To illustrate my point, lets take this 2d numpy array:

array([[1, 1, 5, 1, 1, 5, 4, 1],
       [1, 5, 6, 1, 5, 4, 1, 1],
       [5, 1, 5, 6, 1, 1, 1, 1]])

I want to replace the value 1 with some other value, let's say 0, but only at the edges. This is the desired result:

array([[0, 0, 5, 1, 1, 5, 4, 0],
       [0, 5, 6, 1, 5, 4, 0, 0],
       [5, 1, 5, 6, 0, 0, 0, 0]])

Note that the 1's surrounded by other values are not changed.
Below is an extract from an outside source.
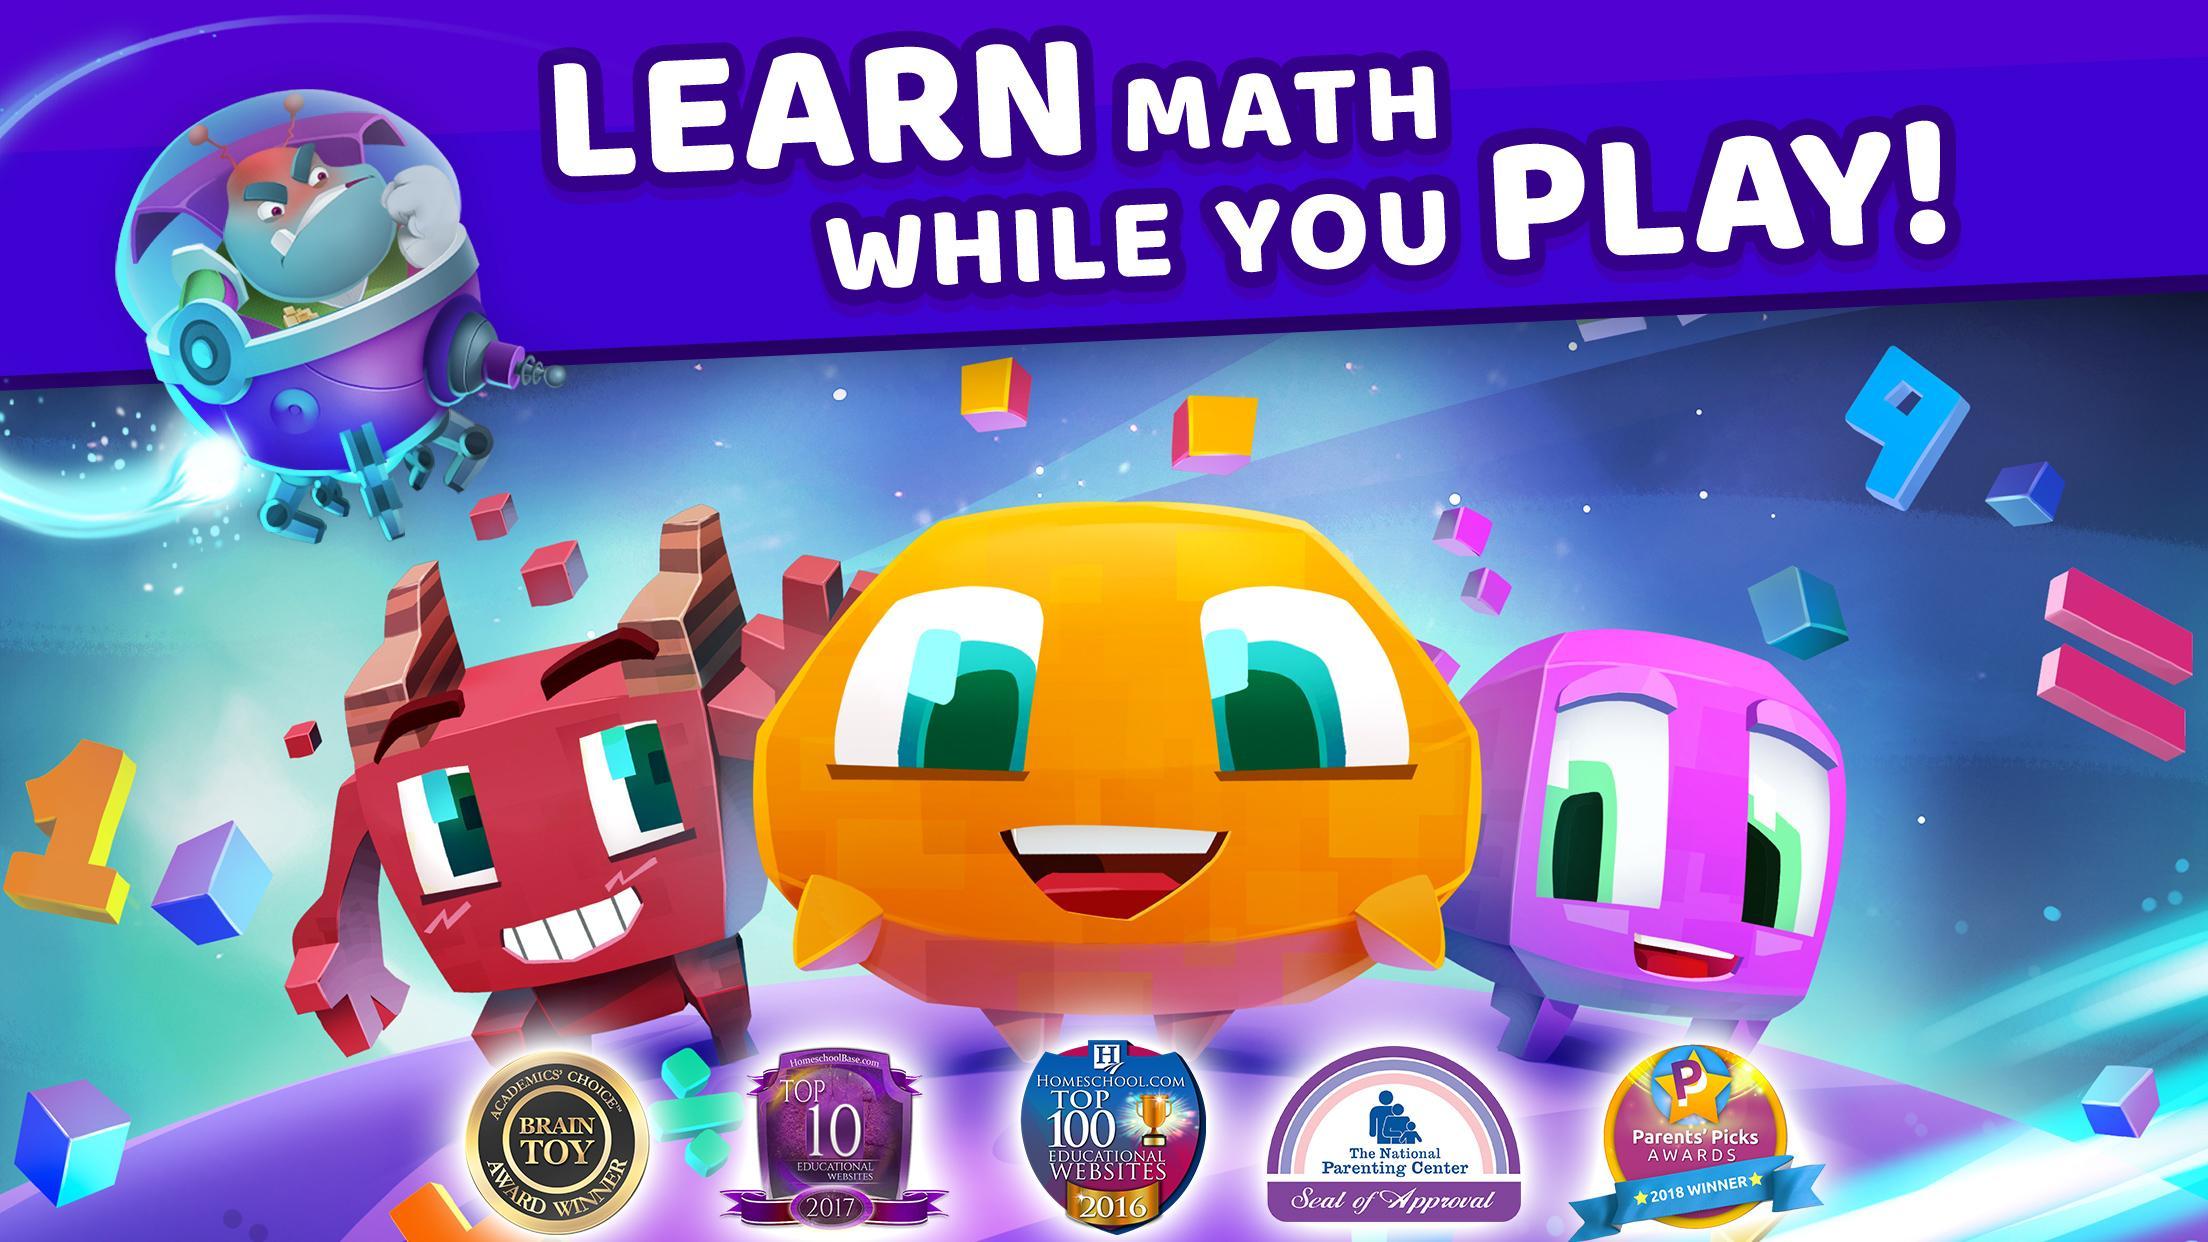 Matific Galaxy - Maths Games for 6th Graders 2.2.2 Screenshot 13

I could implement this by iterating over every row and element, but I feel like that would be very inefficient. Normally I would use the np.where function to replace a specific value, but I don't think you can add positional conditions?

m = row!=1   
w1 = m.argmax()-1
w2 = m.size - m[::-1].argmax()

These three lines will give you the index for the trailling ones. The idea has been taken from trailing zeroes.

Try:

arr = np.array([[1, 1, 5, 1, 1, 5, 4, 1],
       [1, 5, 6, 1, 5, 4, 1, 1],
       [5, 1, 5, 6, 1, 1, 1, 1]])

for row in arr:
    m = row!=1

    w1 = m.argmax()-1
    w2 = m.size - m[::-1].argmax()
#     print(w1, w2)
    row[0:w1+1] = 0
    row[w2:] = 0
#     print(row)

arr:

array([[0, 0, 5, 1, 1, 5, 4, 0],
       [0, 5, 6, 1, 5, 4, 0, 0],
       [5, 1, 5, 6, 0, 0, 0, 0]])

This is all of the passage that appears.